Hack Claims to Make BitTorrent Downloads Untraceable

While it is virtually impossible to find universal agreement for any technology topic, the 60+ damning comments on our story about the passing of the Digital Economy Bill (which followed the Digital Britain Report and crucially, amendment) suggest there are some. And here is a fundamental example of why we're all right and the MPs who passed it are so hopelessly wrong...

It's called (and you'll have to fill in the blanks for yourselves) 'SeedF**cker'. It's just 86 lines of C# code and it has been developed to make downloads using peer-to-peer software completely untraceable. The Register reports it works by not only faking the IP address of a server from where a file is downloaded (protecting the source), but also by flooding a torrent with dozens of fake peers (protecting the user). In short: such masking would lead the traffic monitoring attempts of the RIAA, MPA and MPAA on a wild and unending goose chase.

Interestingly SeedF**cker comes from an exploit discovered in BitTorent code last year, but could help safeguard its future and with a bit of tinkering it could be integrated into every mainstream P2P client.
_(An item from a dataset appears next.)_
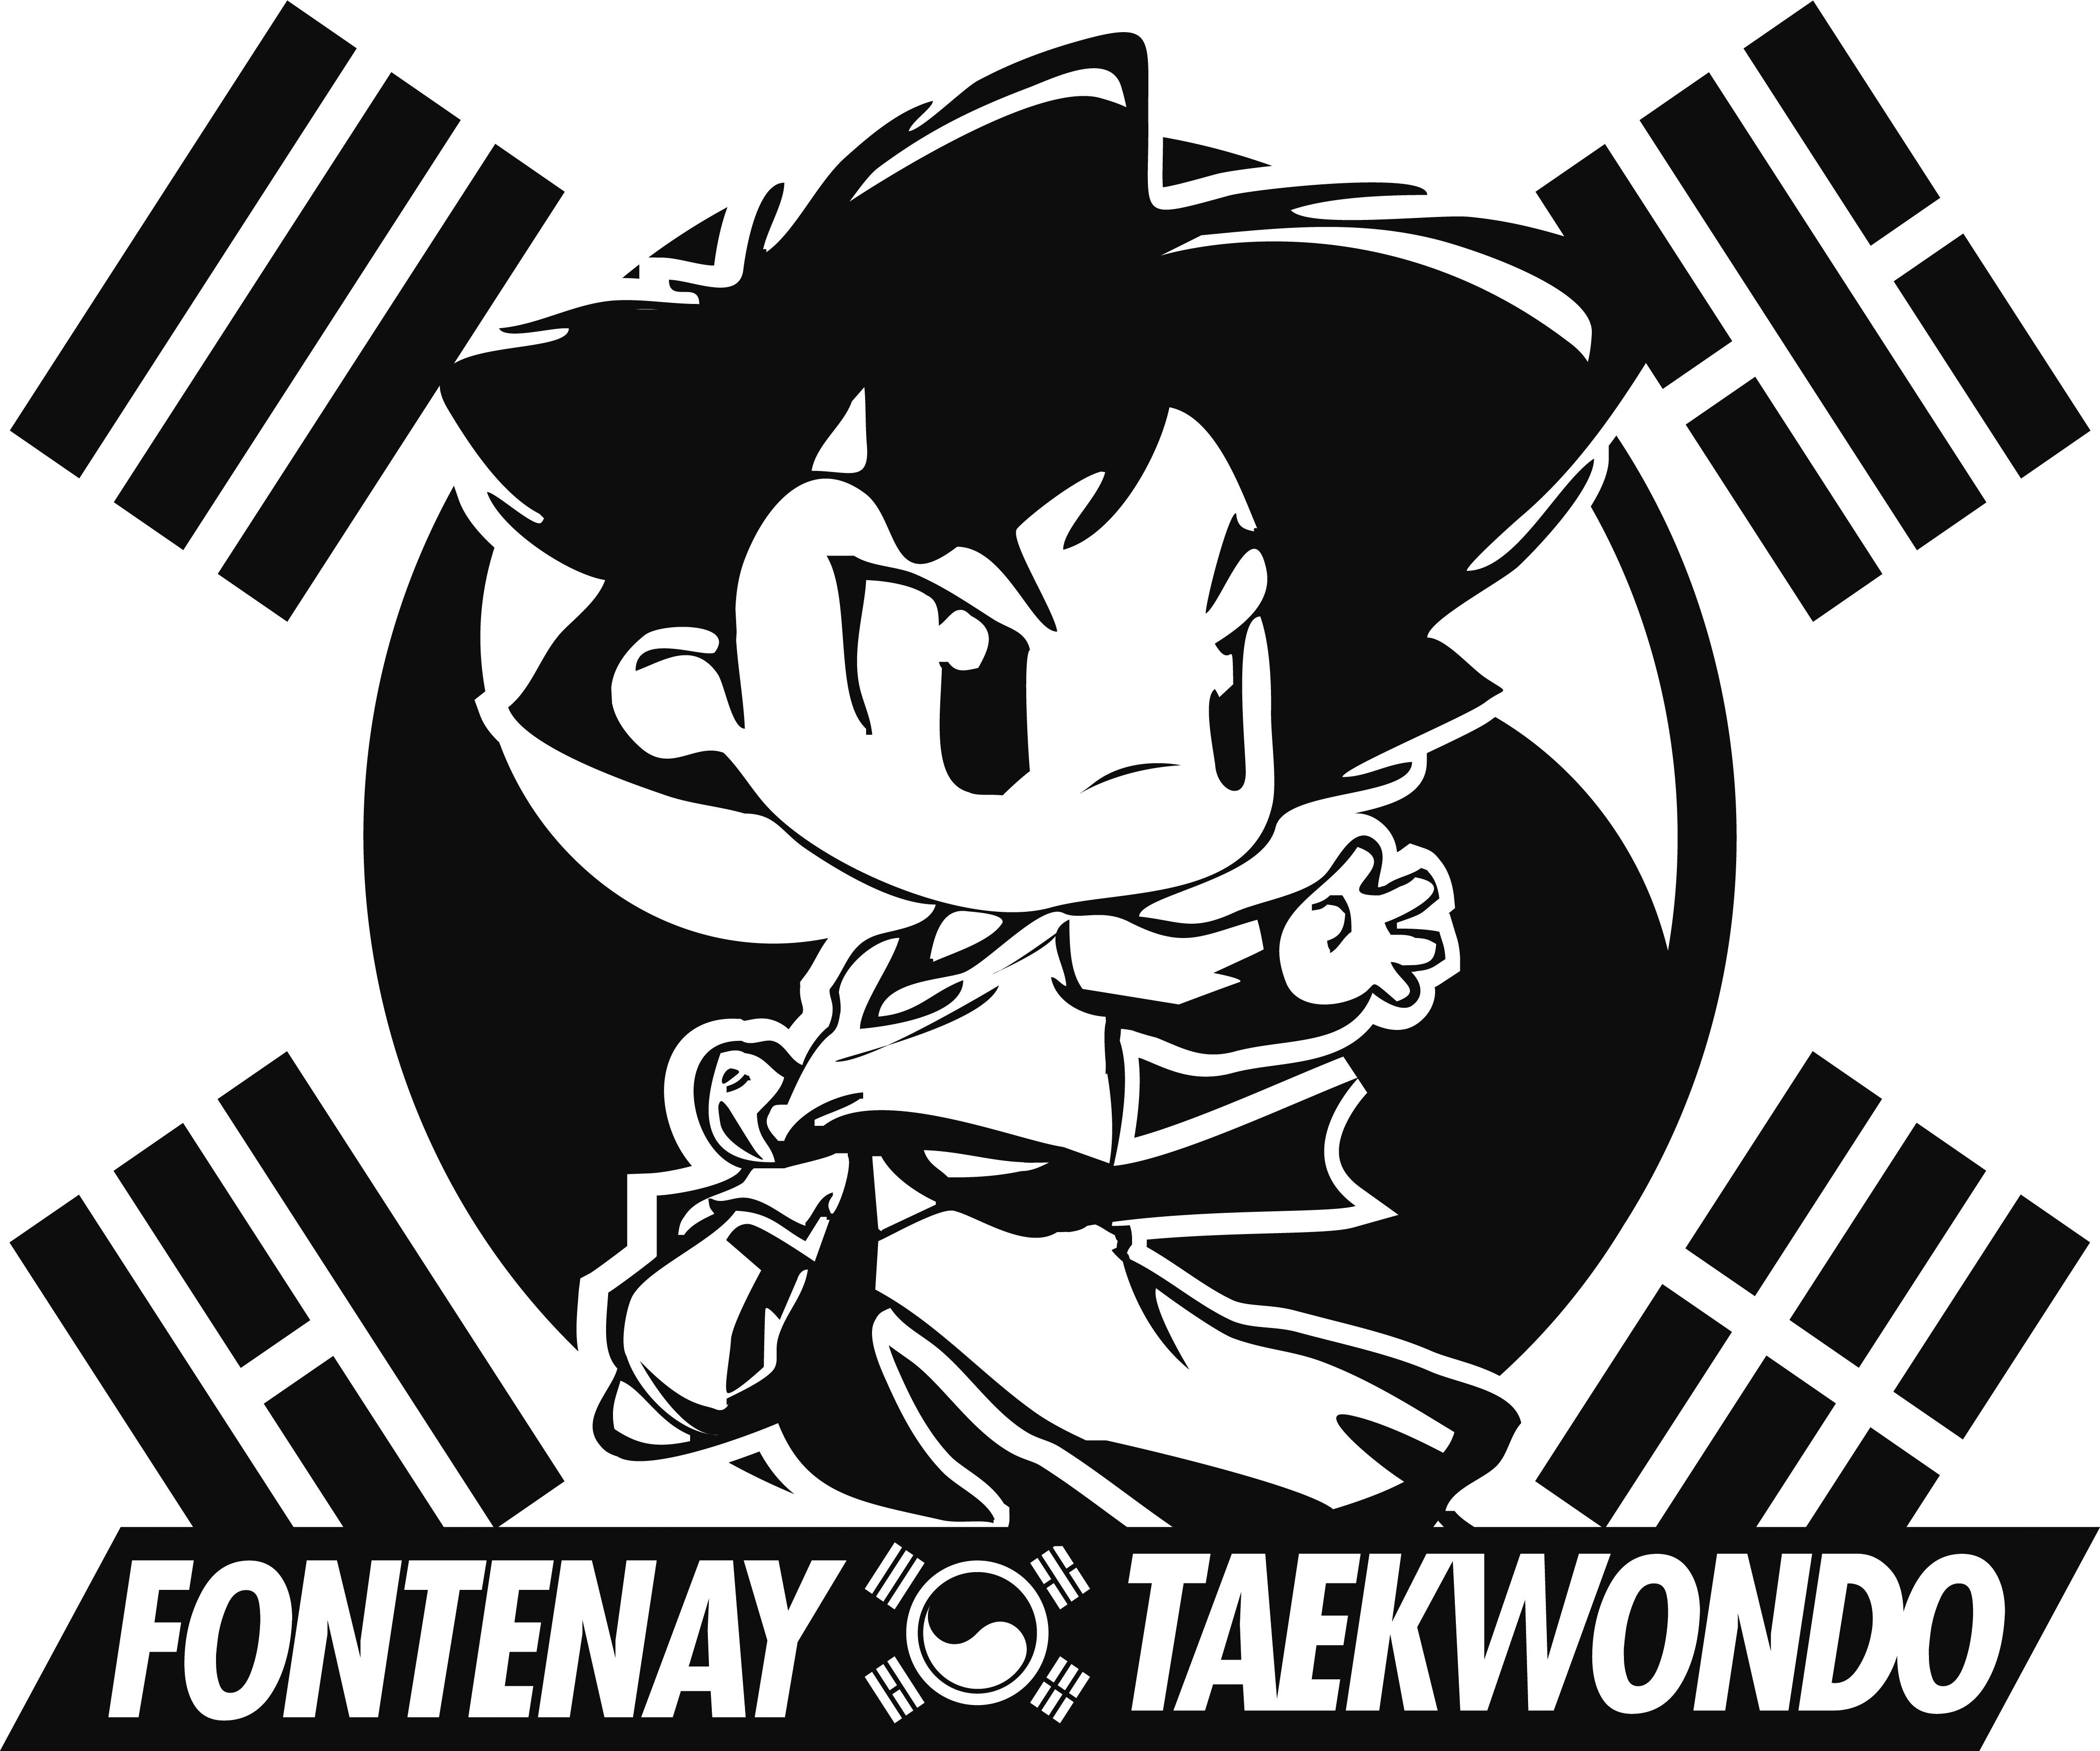 USF Taekwondo Fontenay

All of which is just the latest example of how the Web evolves faster than the authorities and laws which aim to catch it out. Coders behind SeedF**cker admit it was produced because of the Digital Economy Bill and it could serve to make illegal downloading safer and more prevalent than it has ever been before. Of course all involved in the #debill (as it is referred to on Twitter) should have known this and now their draconian steps could lead to even more lost revenues as sympathy for the copyright holders' cause evaporates and P2P masking technology comes to the forefront.

So let's reiterate the sane approach: distribution models need to evolve. Their smaller file size meant music was first targeted by downloaders and over the last 10 years these models have greatly improved through the likes of online stores such as iTunes and streaming services such as Spotify, Napster (ironically once an illegal download tool itself) and Last.fm. There isn't really a justification for users to steal music anymore, though improvements can still be made.

Where it does need to change drastically is video - a sector only relatively recently exploited thanks to ever faster broadband connections. Here the backward thinking of regionalised discs, snail speed roll out of content from country to country and rip-off pricing for HD material means for many illegally downloading their favourite shows or films is the only way to get them without incurring months - and sometimes years - of wait. Multi-format global day one availability (cinema, Blu-ray, DVD, download and streaming) is the only way forward, you know it and I know it.

Until then putting short term profits and lawsuits first simply won't work for either the government or the copyright holders they so desperately try to protect. The ingenuity that runs through the core of the Internet will always be more nimble than those who seek to control it for their own gain. Furthermore, with an election coming, there has never been a better time to make your voice heard...


via The Register

theyworkforthebpi.com (site detailing how every MP voted on the DEB)

theyworkforyou.com (site keeping tabs on individual MPs, UK parliaments and assemblies)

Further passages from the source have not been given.